I’ve established that we can get to the Moon and that we not only can survive, but thrive once we get there. But why should we bother? Low Earth orbit (LEO) is crowded now. Every country that can put a firecracker under a payload is sending rockets into space. The United States alone, however, has the capability to colonize the Moon. We should do it for national pride, for technological gain, and for bragging rights. We should go because, should any catastrophe befall the Earth, America will live on. Our genes, our technology, and our way of life will be preserved. Once we have established a permanent and self-sustaining lunar colony, we open the door to the entire solar system. The American flag is the only flag ever raised by humankind on another celestial body. Let’s make it the first flag raised on the rest of them.
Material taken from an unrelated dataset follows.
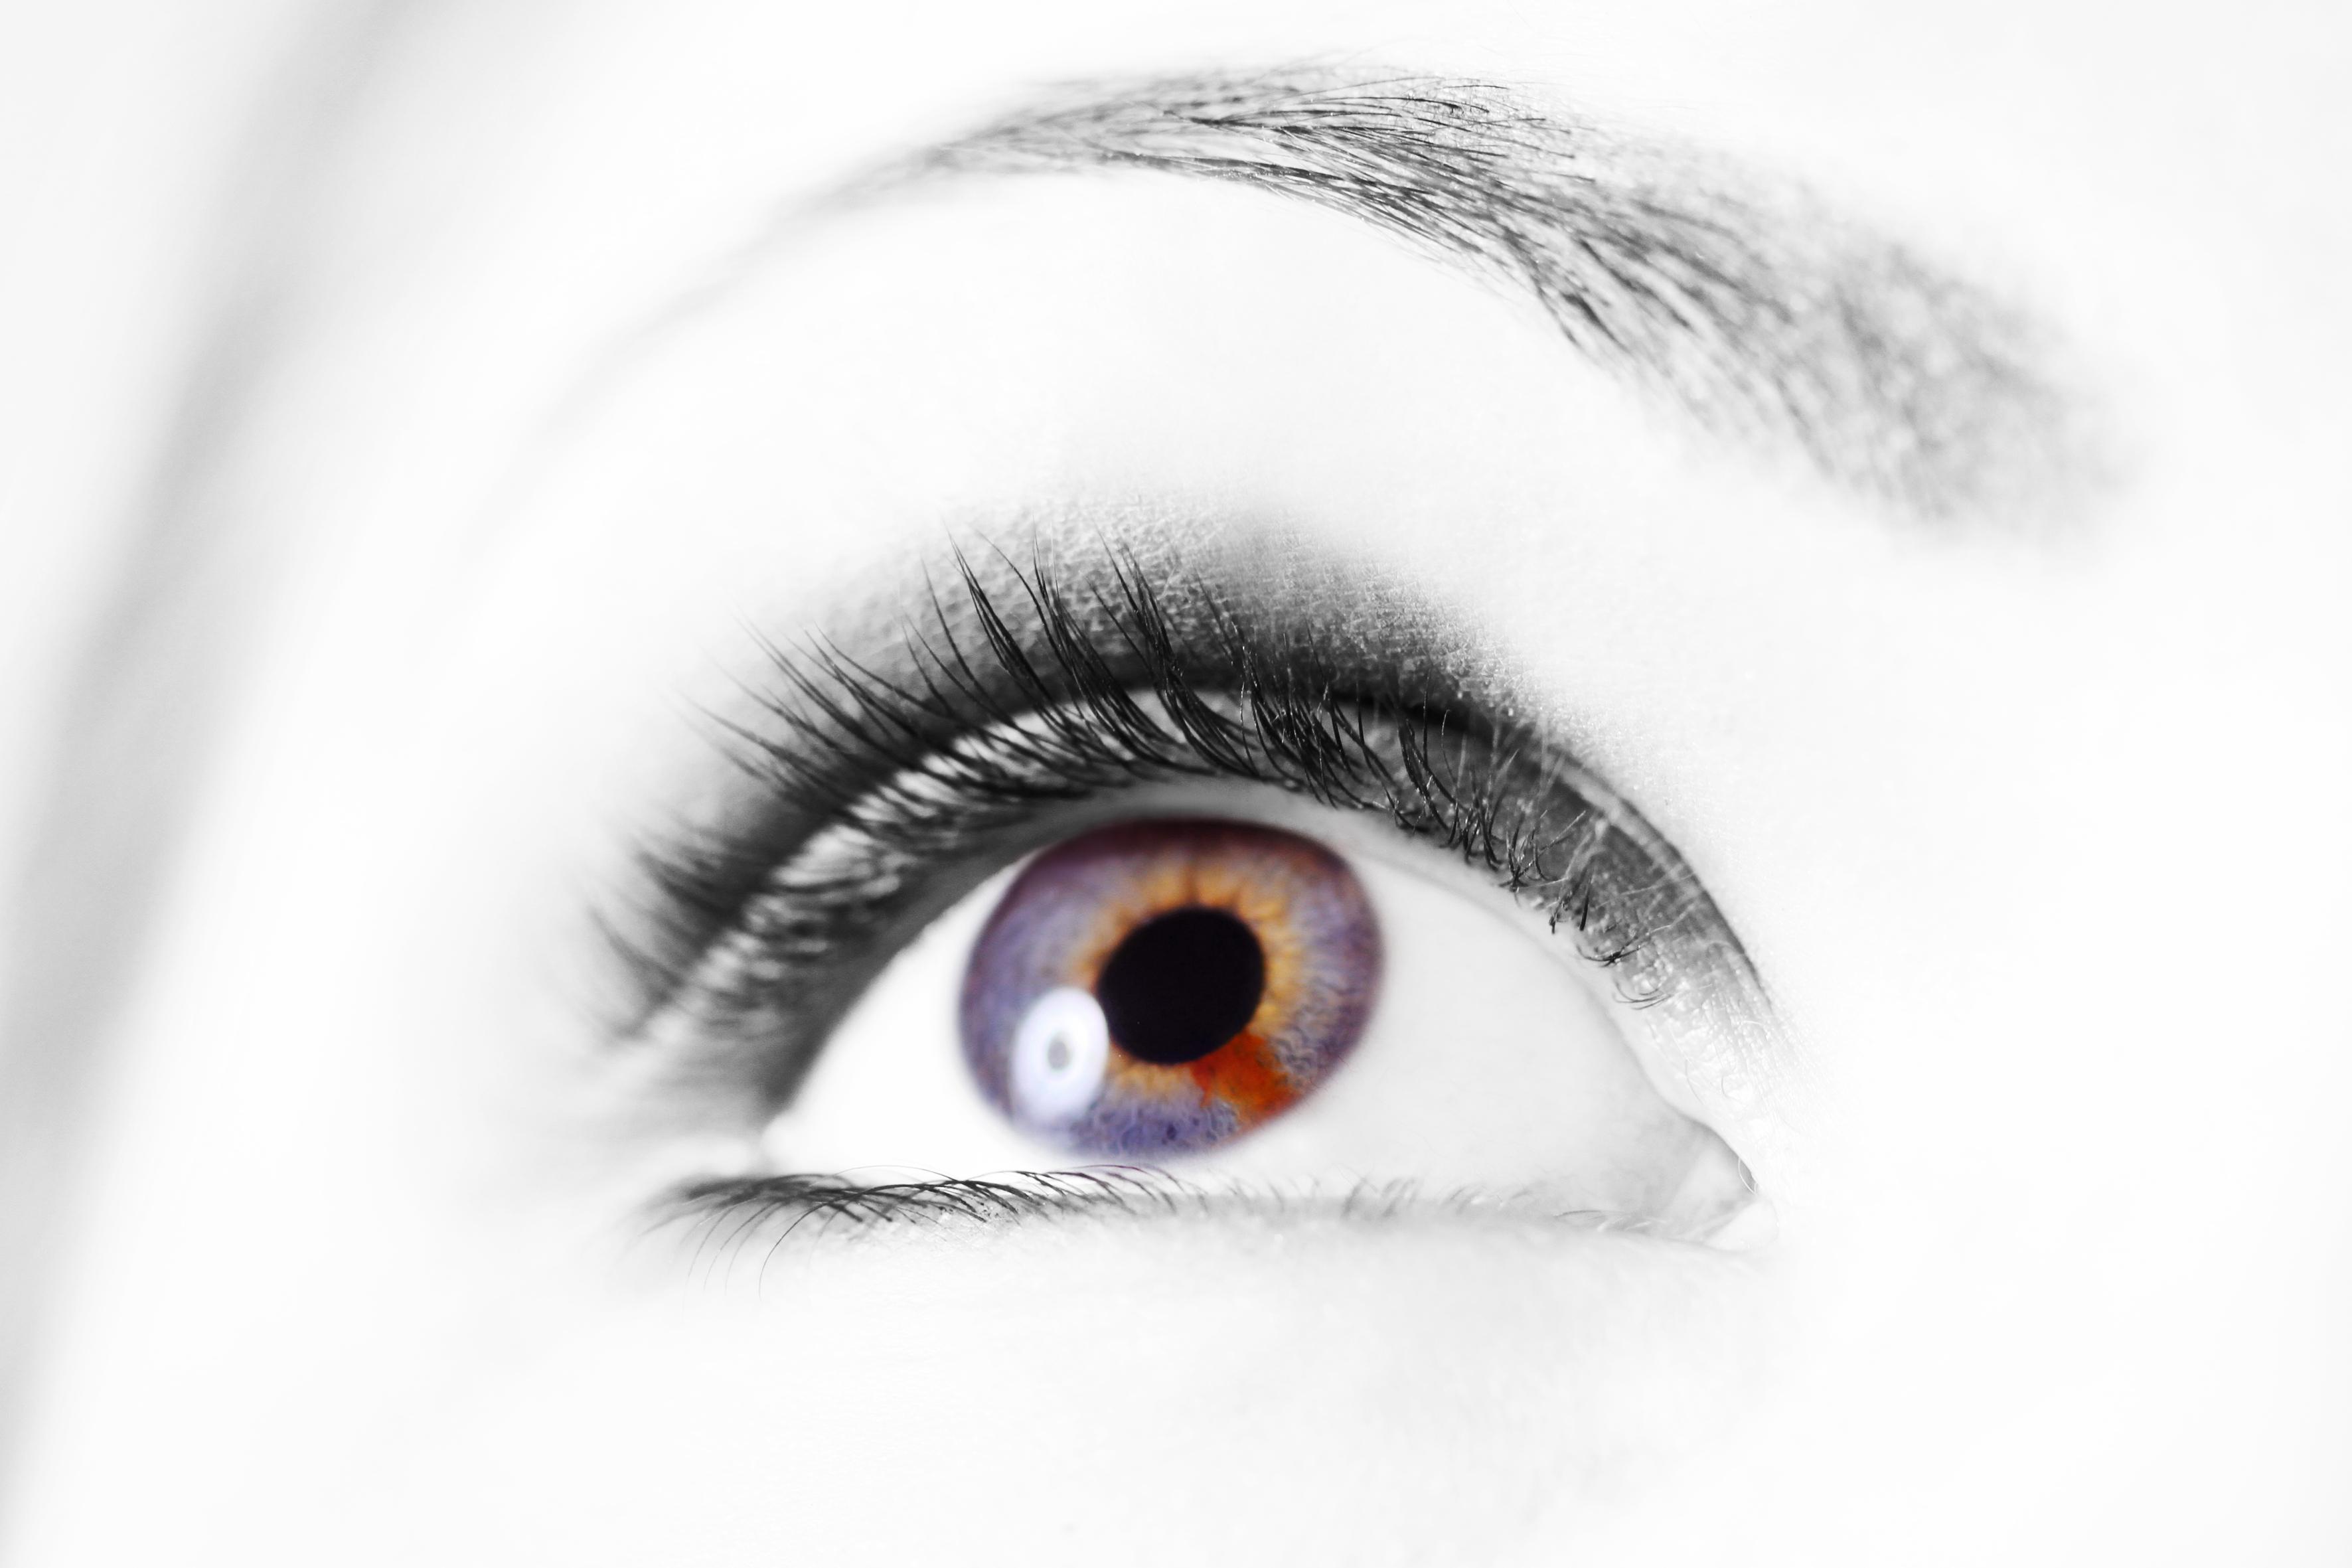 Wimpernverlängerung, Wimpernserum, vollere Wimpern, dichtere Wimpern, längere Wimpern, natürliche Wimpern, Wimpern, Augen

How do we make it happen? The only thing missing from the equation at this point is funding. The current administration loves to spend money, but it has yet to approve funding to continue Bush’s dream. Call or write your congressman. Let your senators know that, if they can authorize nearly a trillion dollars to bail out a bunch of greedy bankers, they can spare $30 billion a year to keep this dream alive.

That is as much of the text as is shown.